Dataset excerpt Start Marker

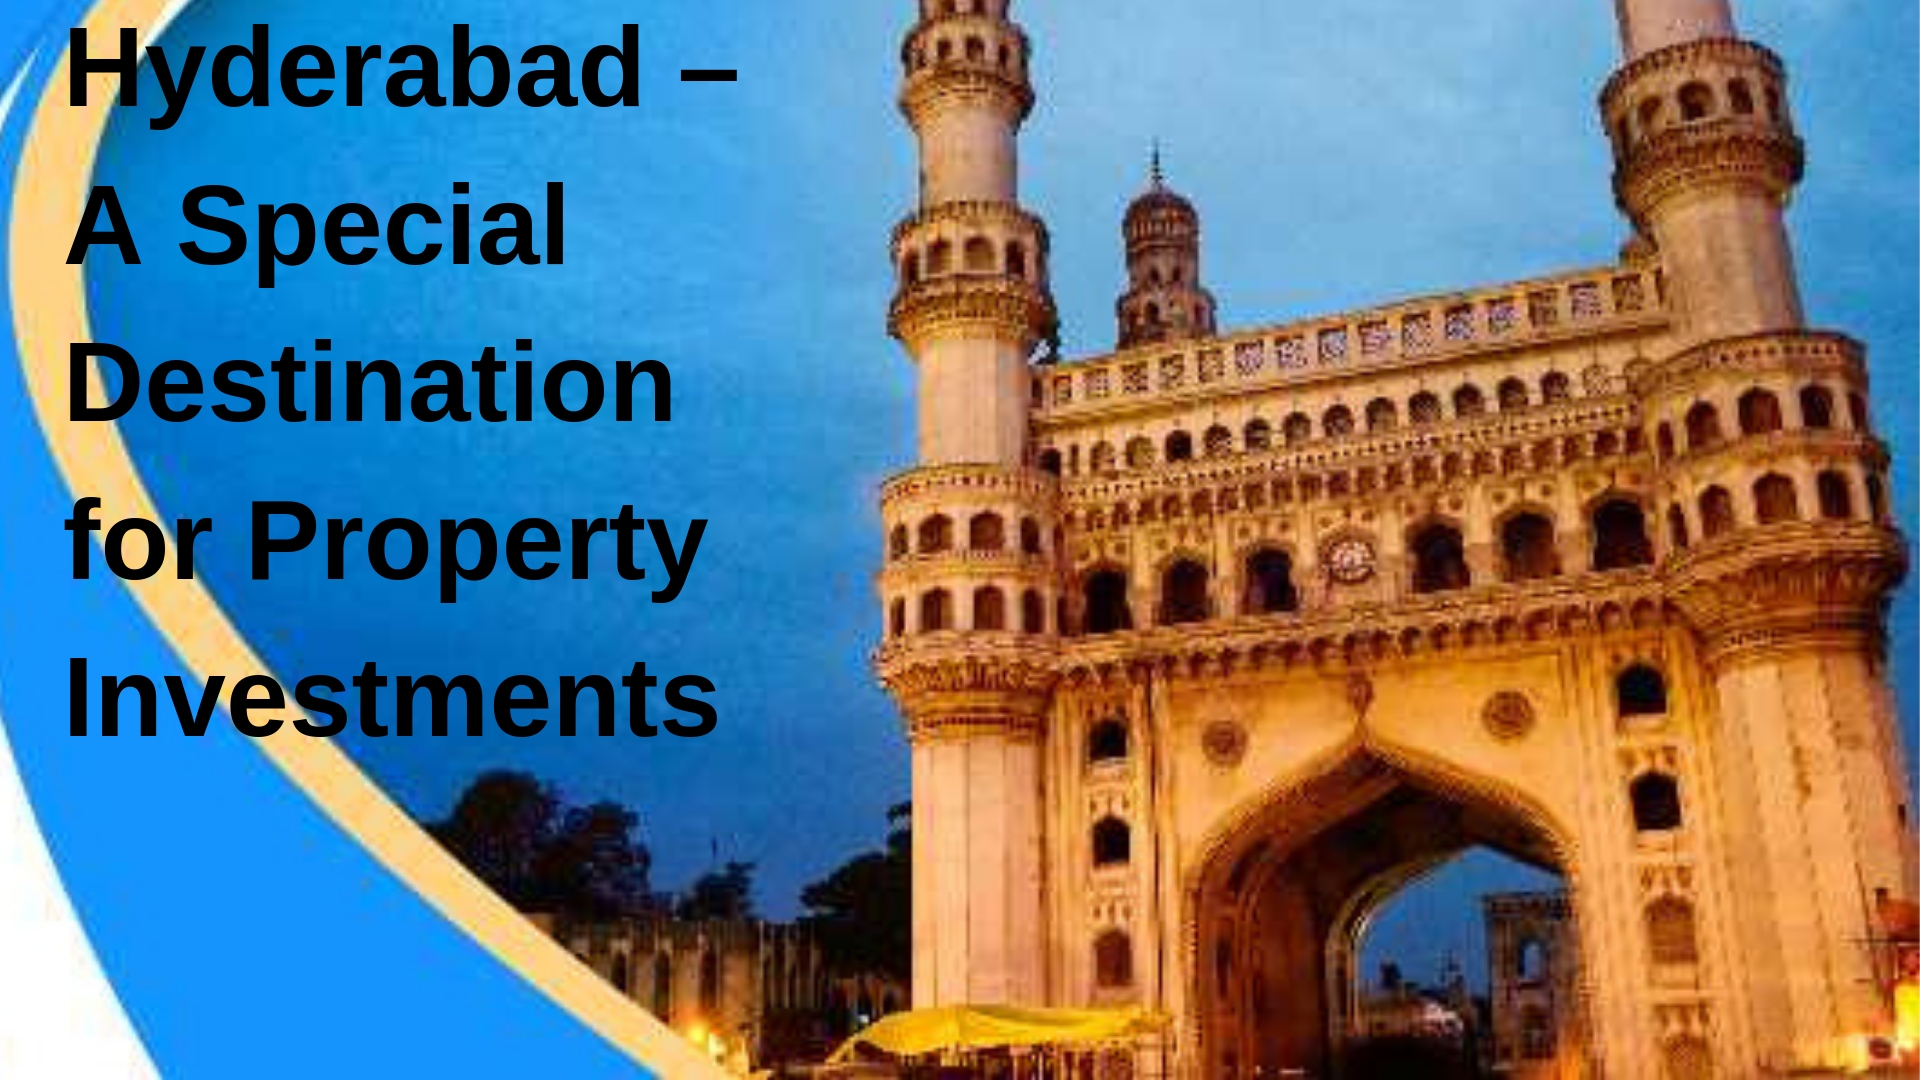 Hyderabad A Special Destination for Property Investments
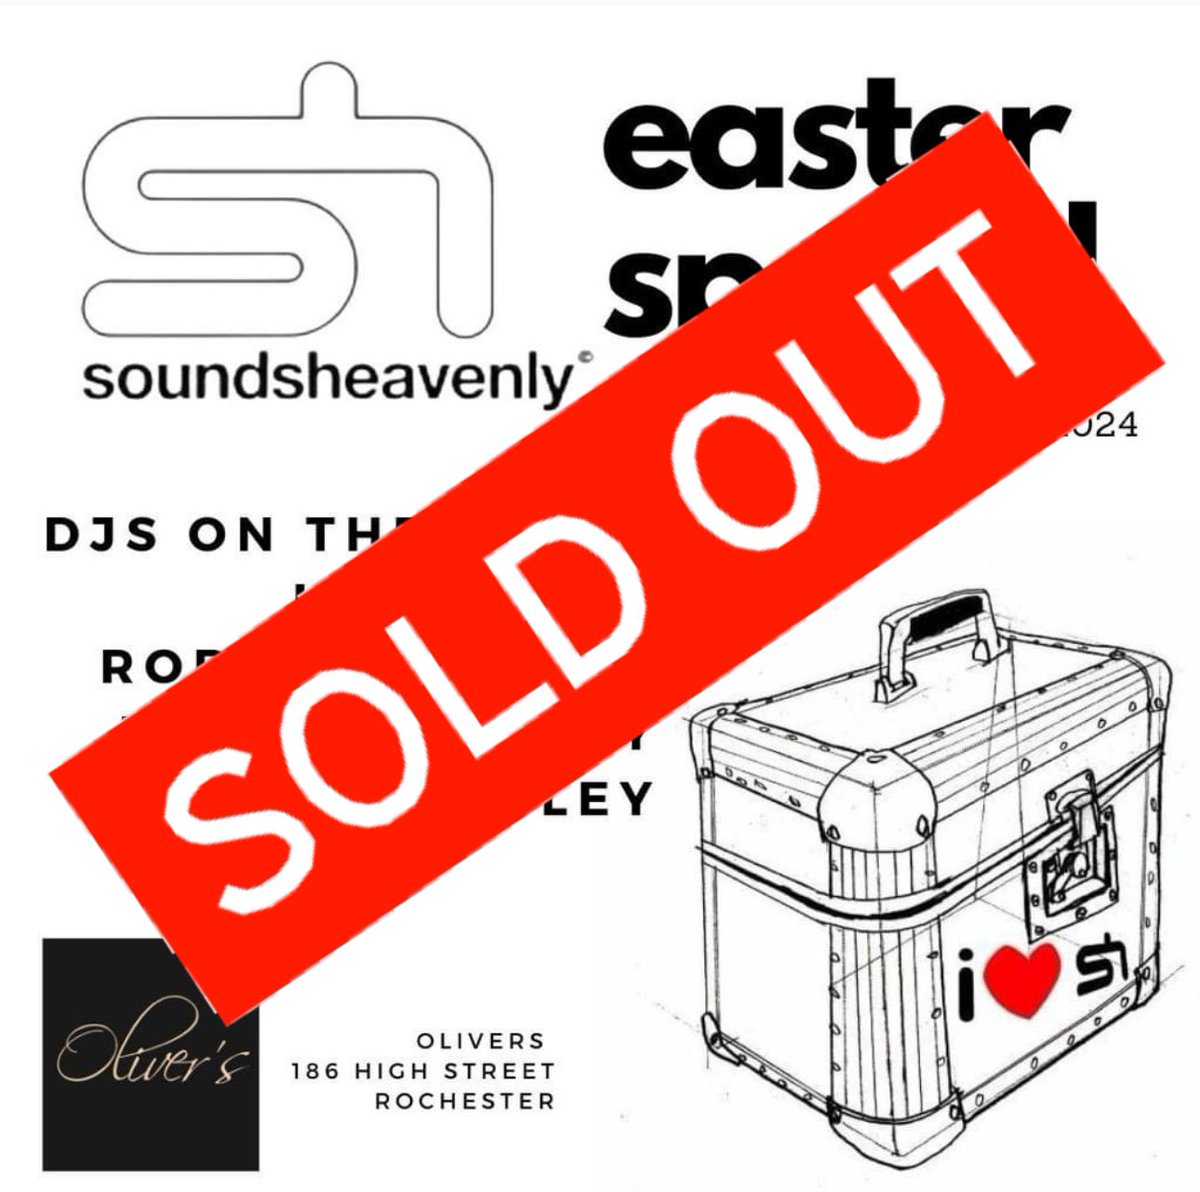 Really looking forward to spinning some house music at Oliver's Bar & Club, Rochester on the bank holiday Sunday 31st March for the SOLD OUT Sounds Heavenly Reunion Party 🎧🏠🎶🎵
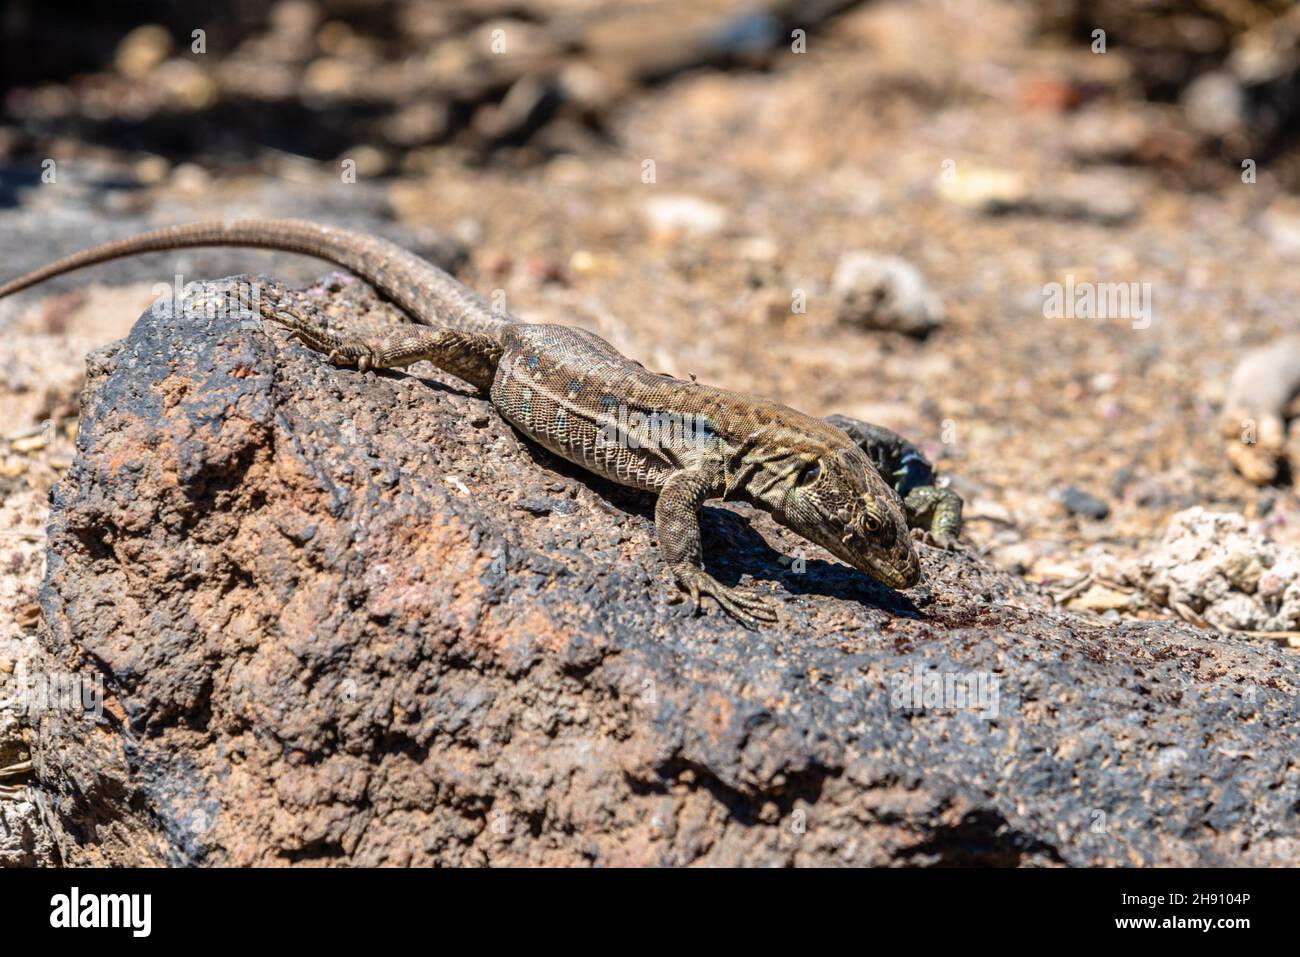 Adult male Tenerife lizard, Gallotia galloti, specie of lacertid or wall lizard endemic of Western Canary Islands. Stock Photo
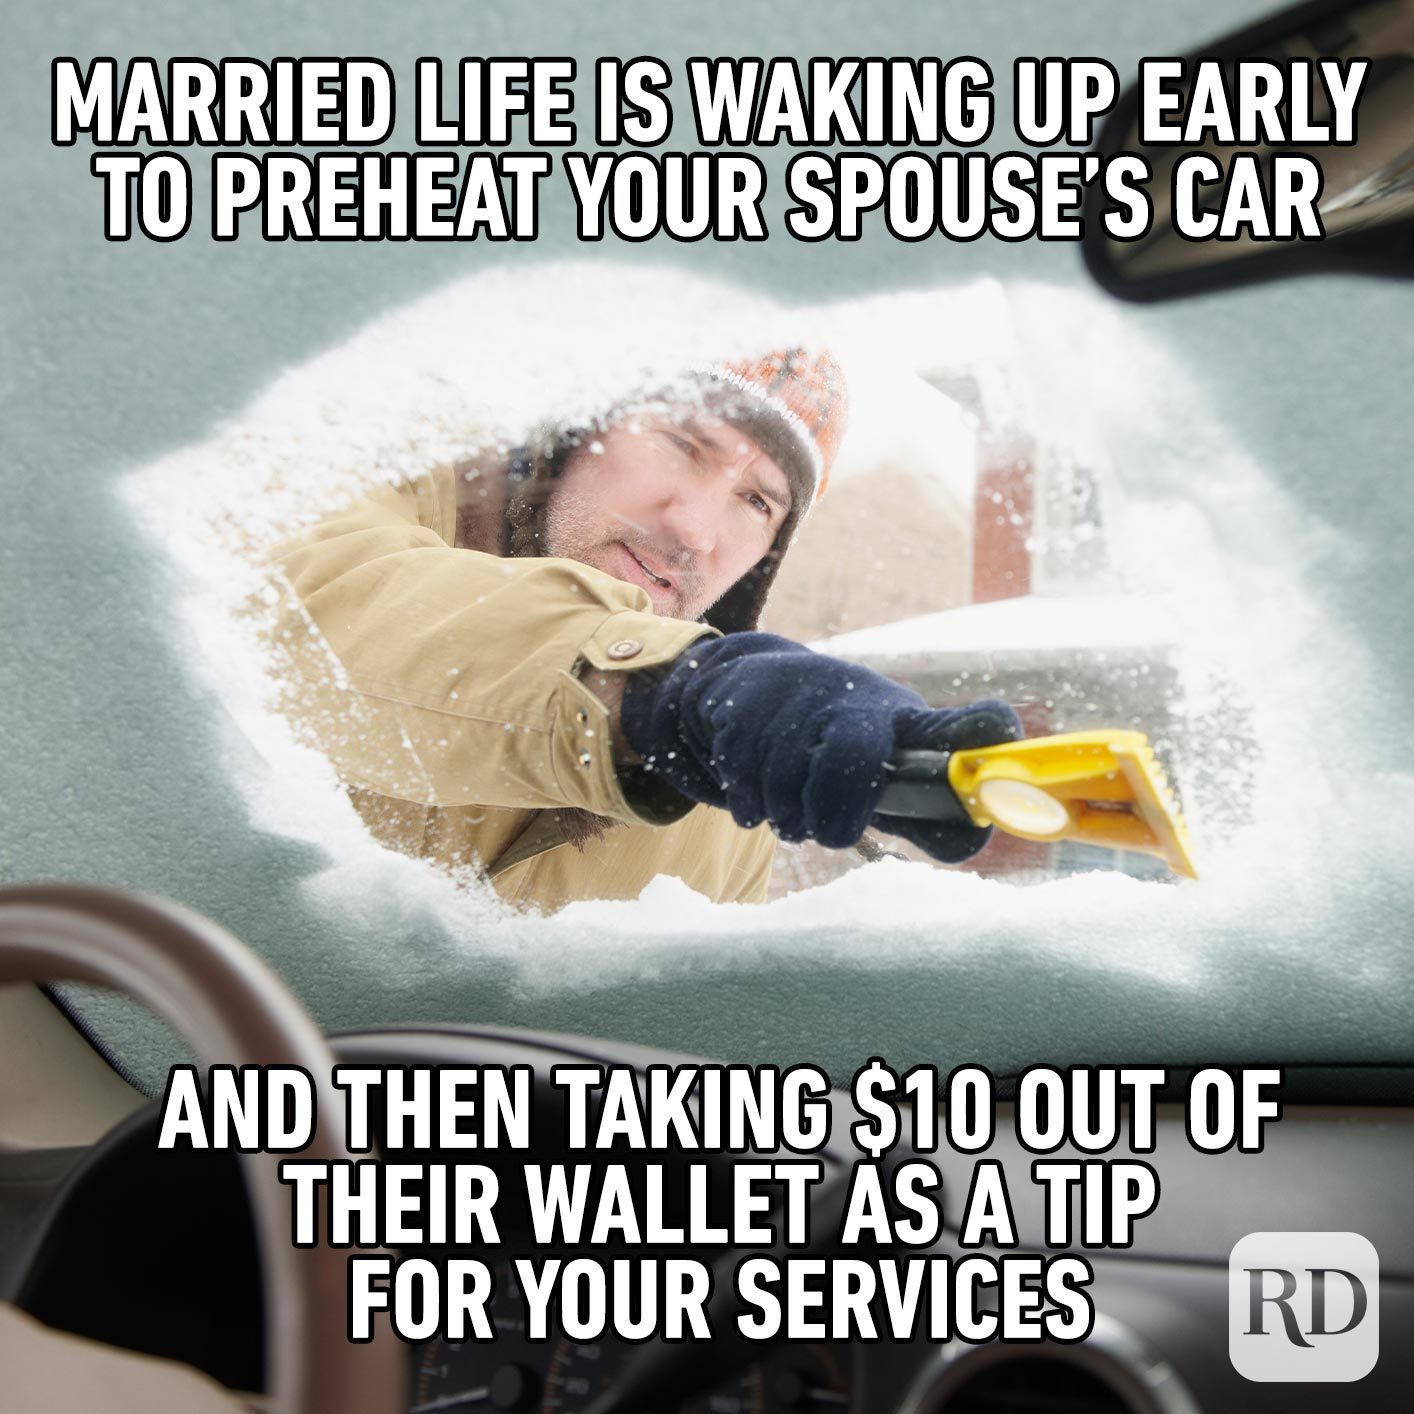 Man scraping snow off a car windshield. Meme text: Married life is waking up early to preheat your spouse’s car and then taking $10 out of their wallet as a tip for your services

Dataset excerpt End Marker

_Problem to work on_
Give every line of the data above again as it stands; the pictures stay out.

_Answer to this exercise_
 Hyderabad A Special Destination for Property Investments
 Really looking forward to spinning some house music at Oliver's Bar & Club, Rochester on the bank holiday Sunday 31st March for the SOLD OUT Sounds Heavenly Reunion Party 🎧🏠🎶🎵
 Adult male Tenerife lizard, Gallotia galloti, specie of lacertid or wall lizard endemic of Western Canary Islands. Stock Photo
 Man scraping snow off a car windshield. Meme text: Married life is waking up early to preheat your spouse’s car and then taking $10 out of their wallet as a tip for your services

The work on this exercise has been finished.